Dreams and Realities of Satoshi Kon
August 27, 2010
There exists a physical world as we know it. You could be having lunch with your friends and that would be one reality. Then there are virtual worlds imagined by our mind, conscious and subconscious. You may be figuring out in your head how your friend made that delicious looking bento, or if you happened to see her eating a banana, you might just instinctively imagine her performing fellatio for a split second. Just different layers of reality but always existing in separate zones, insoluble like oil and water. Or are they?
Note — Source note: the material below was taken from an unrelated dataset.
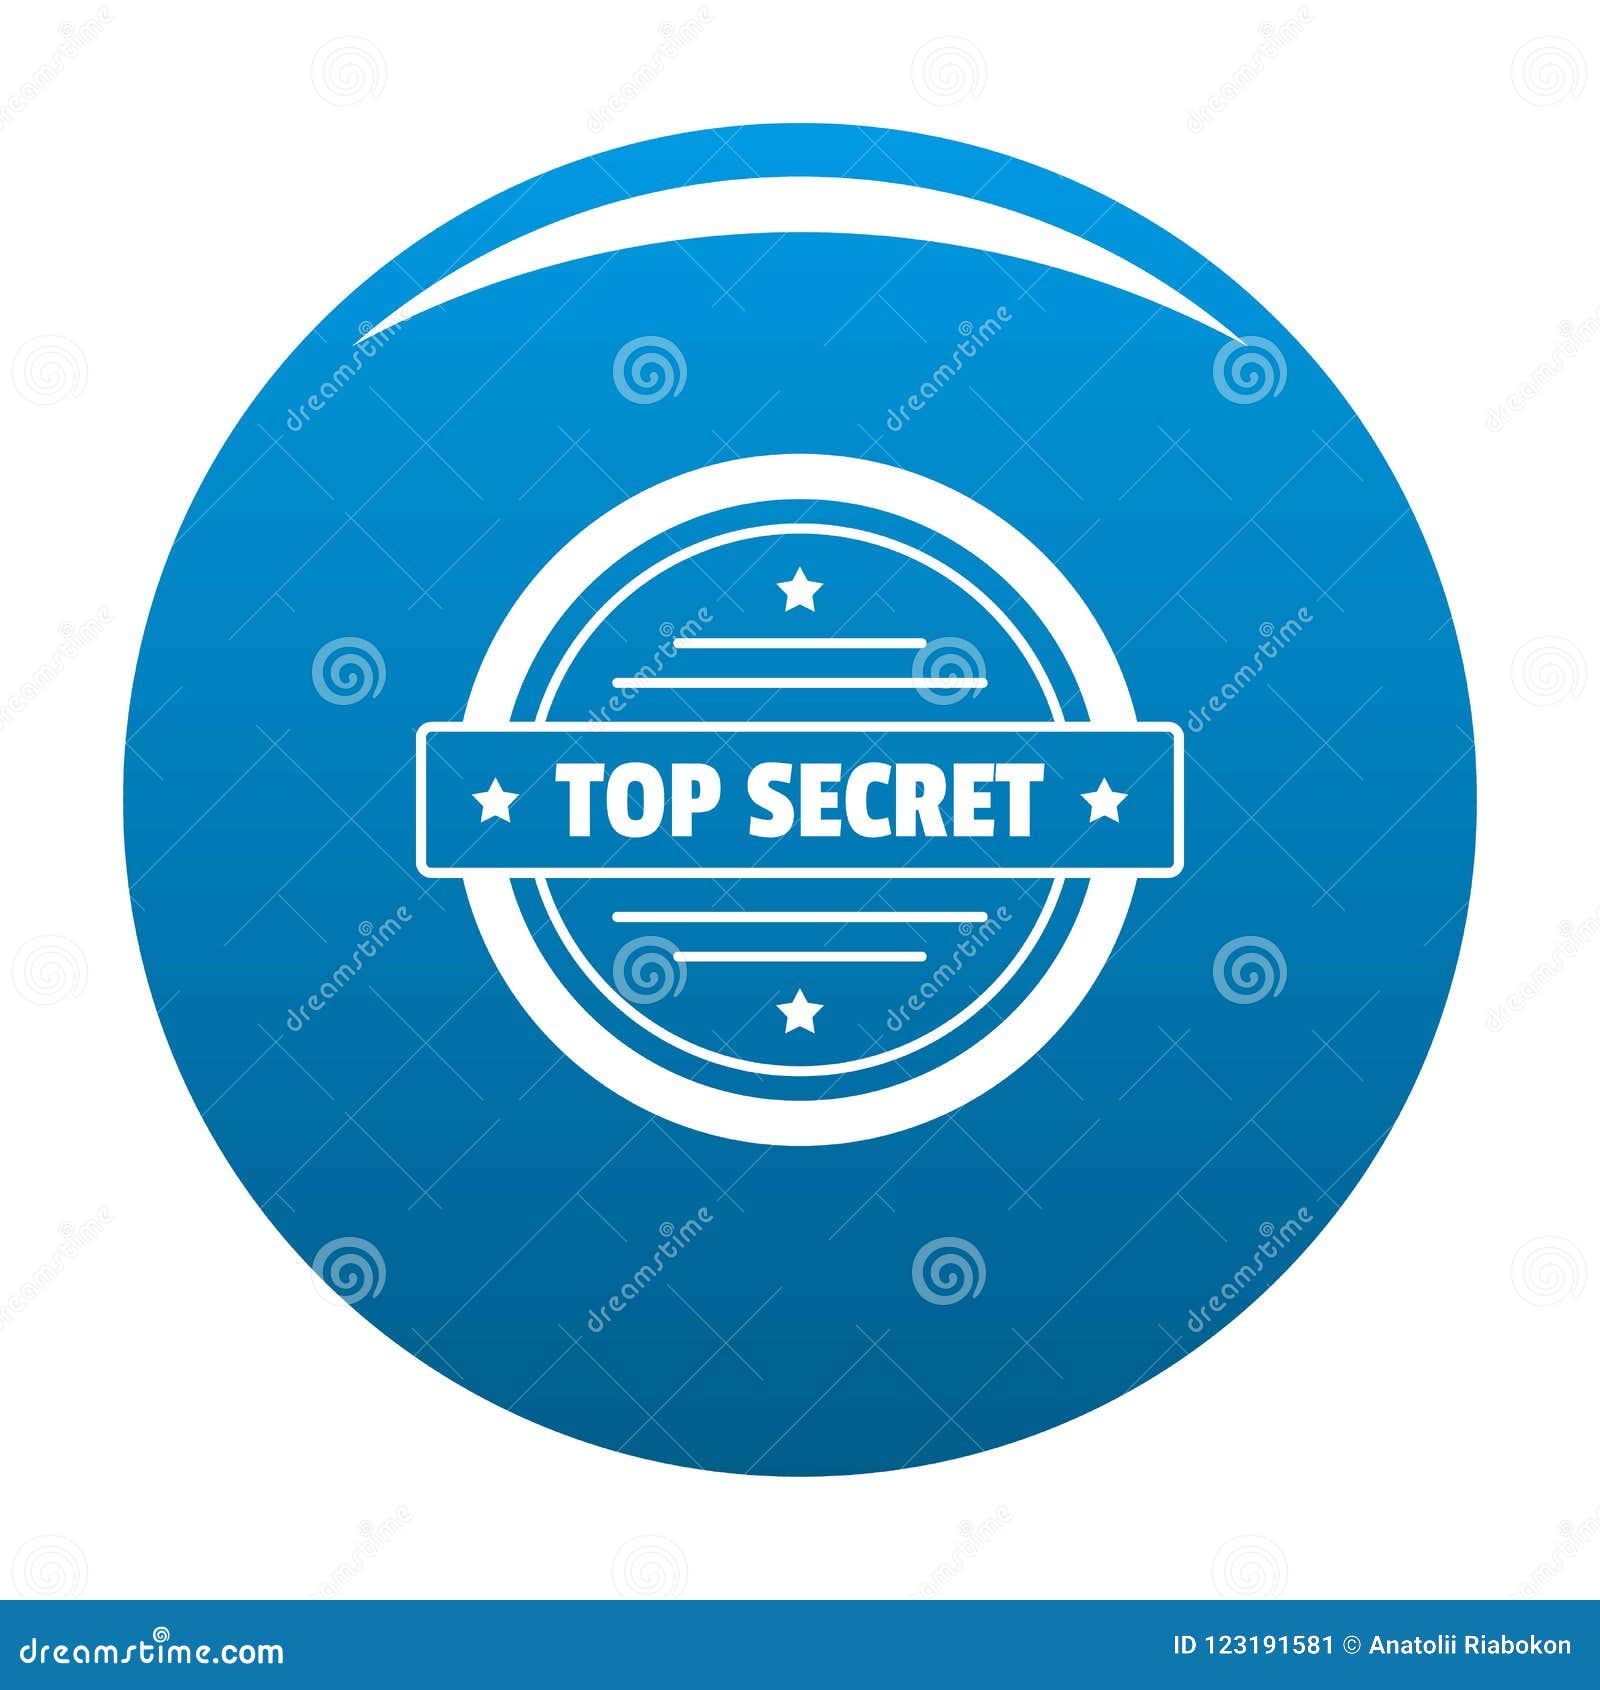 429 Top Secret Logo Stock Illustrations Vectors Clipart

Animation is a wonderful medium, erasing boundaries between what is real and imaginary like no live-action can. Animation is magic, we viewers the bewildered audience, and Satoshi Kon the illusionist. His spells are truly one of a kind. We are often left wondering whether the vision we’re seeing is real or simply a projection of character’s emotional and psychological states. Are we looking at a retired actress telling her story to reporter at this very moment? Or a woman pursuing her love? Or is she just relieving her past experience of chasing after a train for film. As we go on watching the story of Millenium Actress, the walls that once stood between real and imaginary dissolve effortlessly, and what is left is a crashing of different realities into a maelstrom of striking imagery and “uncontrollable drama”.
If ‘time’ was keystone to the bridge between Millenium Actress‘s realities, then Perfect Blue was a perfect crisscrossing of emotional states of main protagonist. In Kon’s own words, he “connected her imaginary world and reality so that the audience can follow her crossed-emotions”. Mima might have been smiling after acting out a grueling rape scene, but when we watch her stabbing the screenwriter in frenzy next, followed by her ‘waking up’ in filmshooting (as if it was just dream) or in bed with her bloody hands, it makes Perfect Blue far more bizarre and surreal than any super-budget dream-reality films like Matrix or even Inception.
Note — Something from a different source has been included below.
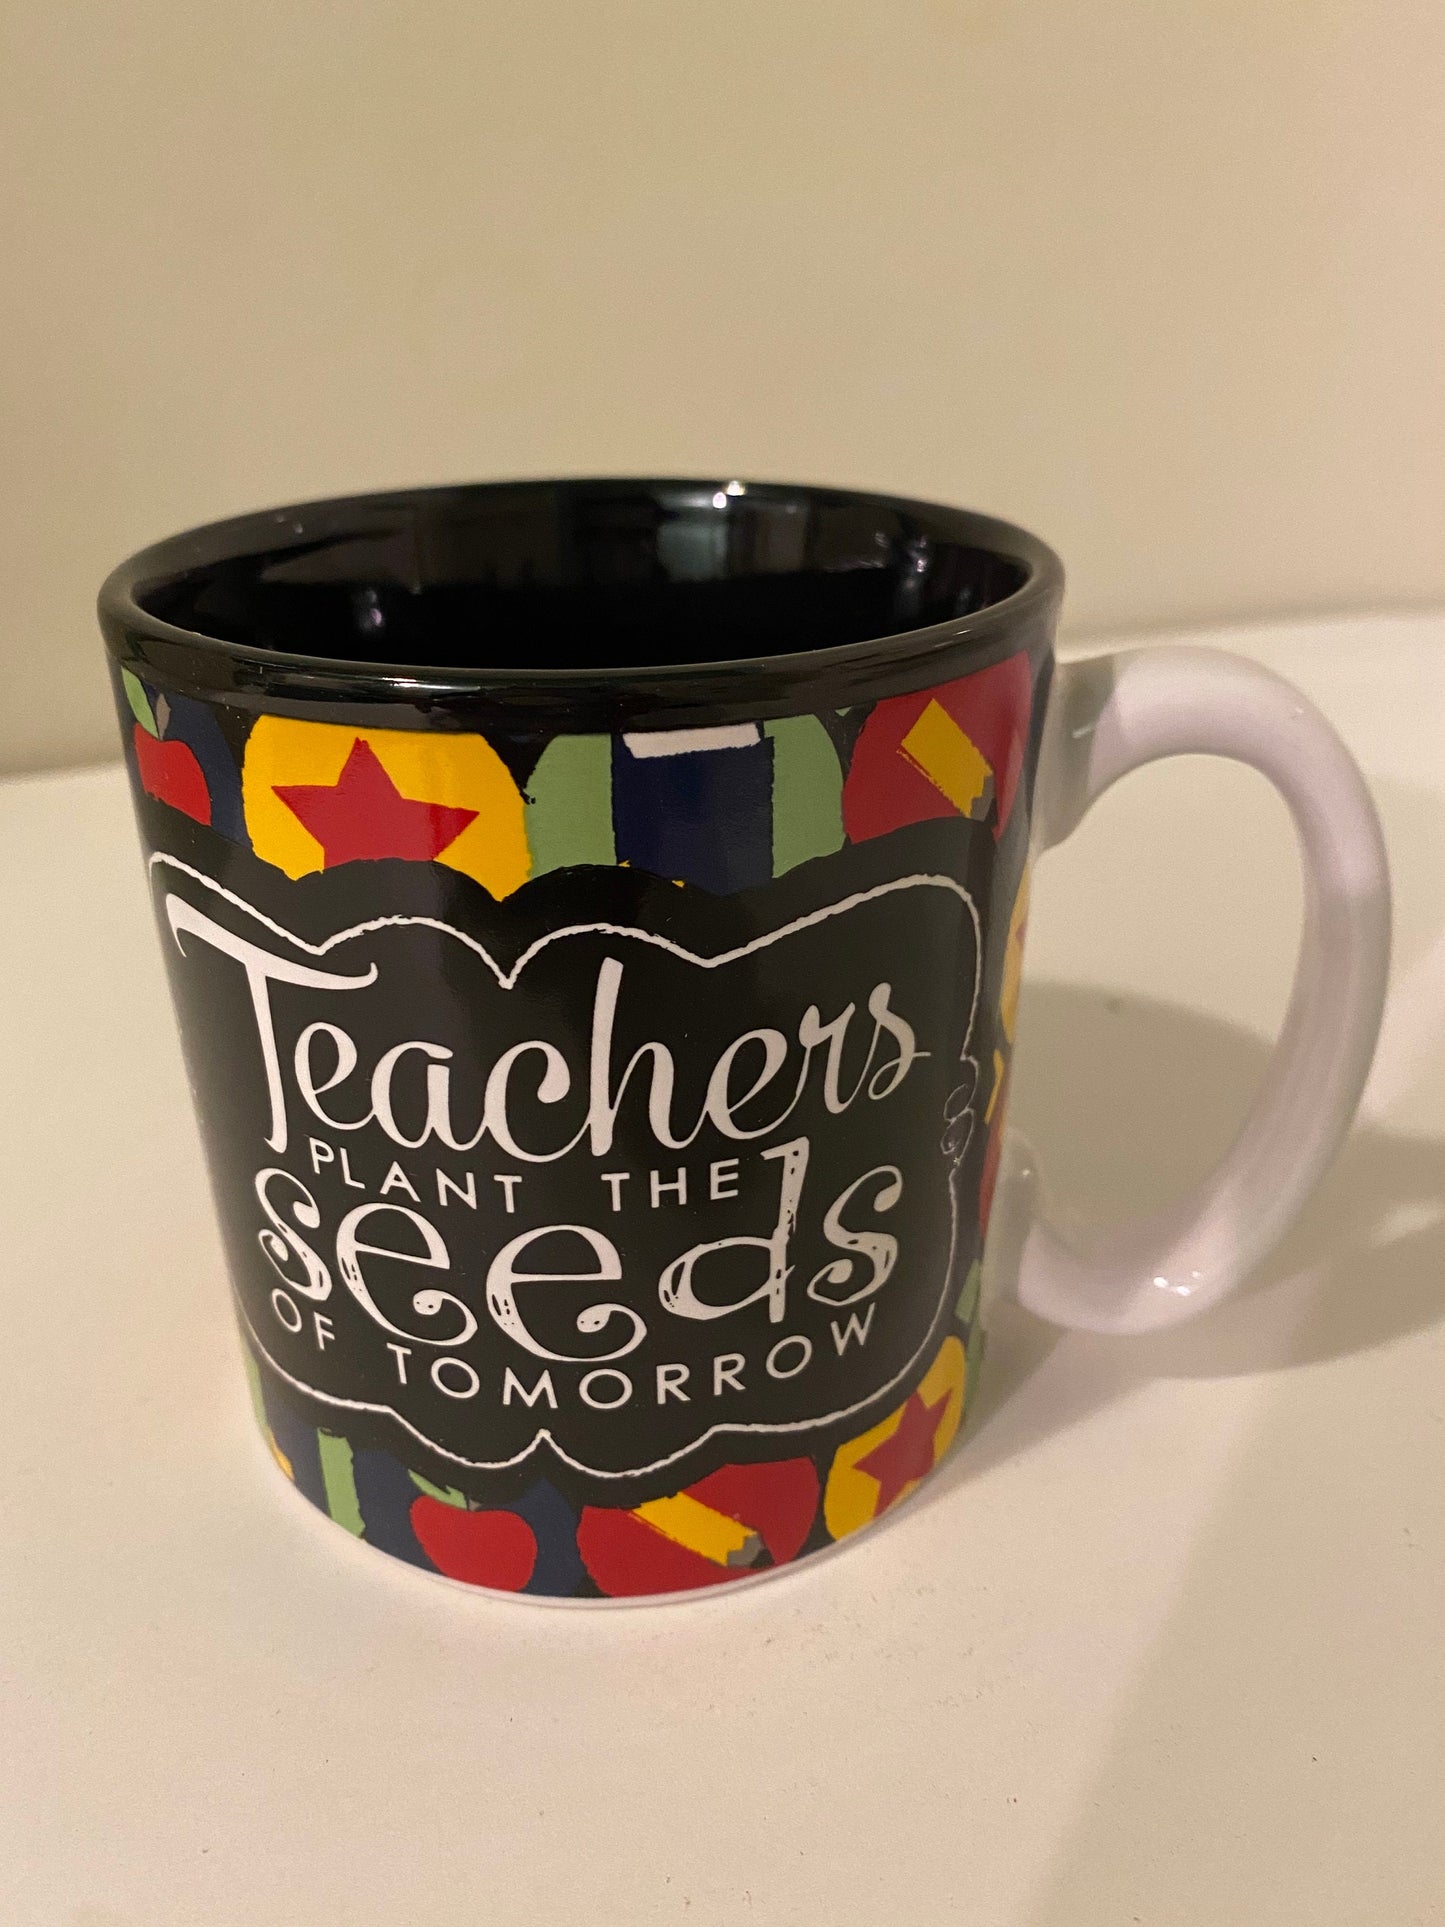 Teachers Plant the Seeds of Tomorrow Coffee Mug

I won’t spoil a thing about Perfect Blue (since that’s just pure evil), but I’d just like to mention an utterly, utterly unforgettable and terrifying imagery of a certain character standing in front of mirror, where the mirror is projecting a harsh truth suppressed by the unconscious state, as if to mock the imaginary vision that the character is mistaking for reality. You can also find the same menacing traces of Perfect Blue in Kon’s Paranoia Agent, especially the brilliant episode 4.
Perhaps one of the reasons why Kon’s dream-infused portrayal of our world is so affecting is because dreams are only a step away from reality, not against it. Paranoia Agent was most in-depth in that regard, presenting horrifying hallucinations that many characters (each representing a part of microcosm that is modern Japanese society) experience as a consequence of complex forces exerted by the society. But what elevates Paranoia Agent from boring social critique to absolutely ravaging psychological thriller is the constant warring of paranoid dreams (innermost thoughts and desires) and illusions of Shounen Bat (escape), all portrayed in Kon’s cinematic fashion. Lies and illusions are at odds with reality. Dreams are our inner most thoughts and desires materialised in bizarre and irrational forms.
And Satoshi Kon is the Illusionist who, with the kind of magic no animator can hope to replicate, fills our vision with that very bizarre and irrational forms and presents our world as it is with past and present, conscious and unconscious, fears and desires. It’s truly unfortunate that The Dream Machine will never be anything like Kon’s (assuming they get to finish it), and even more tragic that many wonderfully eccentric ideas, stories, characters and images stored inside his imagination will never be animated.
Thank you Kon for showing me the world like no one can.